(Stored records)

----

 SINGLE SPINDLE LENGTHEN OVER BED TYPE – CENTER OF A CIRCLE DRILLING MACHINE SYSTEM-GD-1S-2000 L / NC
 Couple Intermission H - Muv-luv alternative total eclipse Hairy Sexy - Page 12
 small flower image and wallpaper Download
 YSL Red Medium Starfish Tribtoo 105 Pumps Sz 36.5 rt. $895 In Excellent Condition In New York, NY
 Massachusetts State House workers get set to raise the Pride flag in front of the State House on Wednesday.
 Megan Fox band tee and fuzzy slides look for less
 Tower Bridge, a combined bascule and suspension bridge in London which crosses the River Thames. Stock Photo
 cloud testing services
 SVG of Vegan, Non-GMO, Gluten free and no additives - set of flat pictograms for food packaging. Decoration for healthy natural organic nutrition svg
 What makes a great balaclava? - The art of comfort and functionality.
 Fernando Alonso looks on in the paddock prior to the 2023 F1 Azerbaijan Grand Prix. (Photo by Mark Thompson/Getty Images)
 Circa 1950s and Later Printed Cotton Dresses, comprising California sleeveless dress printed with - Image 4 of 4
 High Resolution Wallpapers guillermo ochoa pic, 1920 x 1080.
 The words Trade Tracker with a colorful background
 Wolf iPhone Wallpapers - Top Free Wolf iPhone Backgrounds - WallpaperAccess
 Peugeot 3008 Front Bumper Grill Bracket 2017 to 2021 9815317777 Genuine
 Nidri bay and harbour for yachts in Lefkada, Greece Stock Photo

----

* How to complete this task
Which lines above hold the string "Stock"? Copy each of them.

* Written response
 Tower Bridge, a combined bascule and suspension bridge in London which crosses the River Thames. Stock Photo
 Nidri bay and harbour for yachts in Lefkada, Greece Stock Photo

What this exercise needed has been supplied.